Chris Sale threw five shutout innings and Pablo Sandoval continued his torrid spring with two more hits as the Red Sox routed the Twins, 7-2, Sunday at the Twins' Hammond Stadium in Fort Myers.
Sale allowed six hits, with one walk and six strikeouts, in his 91-pitch outing. Manager John Farrell had told reporters before the game that Sale was scheduled to throw between 95 and 100 pitches.
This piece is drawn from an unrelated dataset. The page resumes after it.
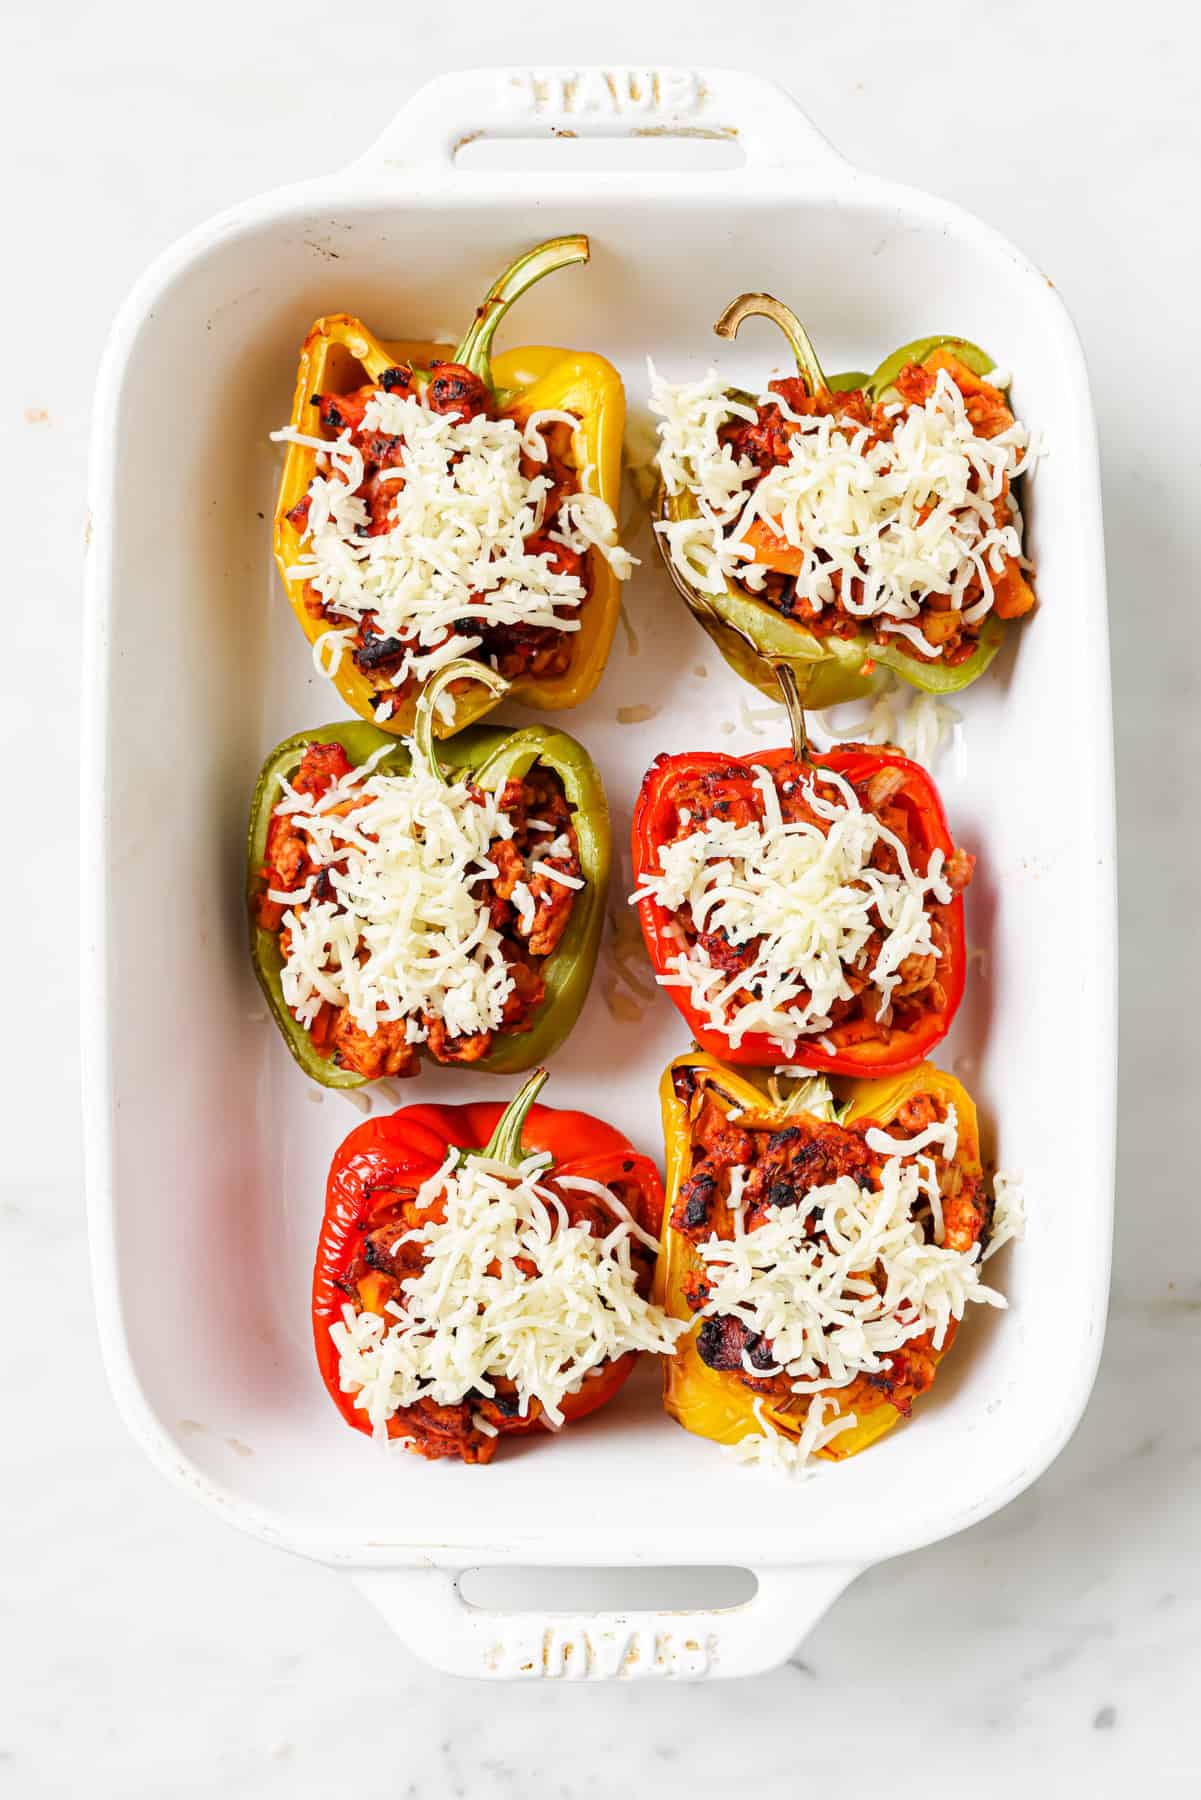 Topping the peppers with cheese.

He has 26 strikeouts and 2 walks in 21 spring-training innings.
Sandoval lifted his exhibition average to .370 with a 2-for-3 performance, which included a double.
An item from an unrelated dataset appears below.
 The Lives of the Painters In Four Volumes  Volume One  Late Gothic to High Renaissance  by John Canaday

The Red Sox also got home runs from Christian Vazquez, Andrew Benintendi and Steve Selsky as they rallied from a 1-0 deficit with three runs in the seventh inning and four in the eighth.
Pablo Sandoval hit his fourth home run of the spring and Rusney Castillo had three hits to lead a Red Sox split squad to a 7-5 victory over the Tampa Bay Rays on Saturday in Port Charlotte, Fla.
Sandoval, who has won back his third base job after missing nearly all of last season following surgery on his left shoulder, connected for a three-run shot, batting right-handed, against Rays starter Ian Snell in the fifth inning. The switch-hitting Sandoval had abandoned hitting right-handed in 2015, his last full season with the Red Sox.
He's hitting .353 this spring with a 1.051 OPS and 19 RBI.
Castillo, the Cuban outfielder signed to a seven-year, $72 million deal late in 2014 but again likely headed for Triple-A Pawtucket, went 3-for-4 and is hitting .368 this spring. Catcher Blake Swihart, also probably Pawtucket-bound, had two hits and is hitting .325.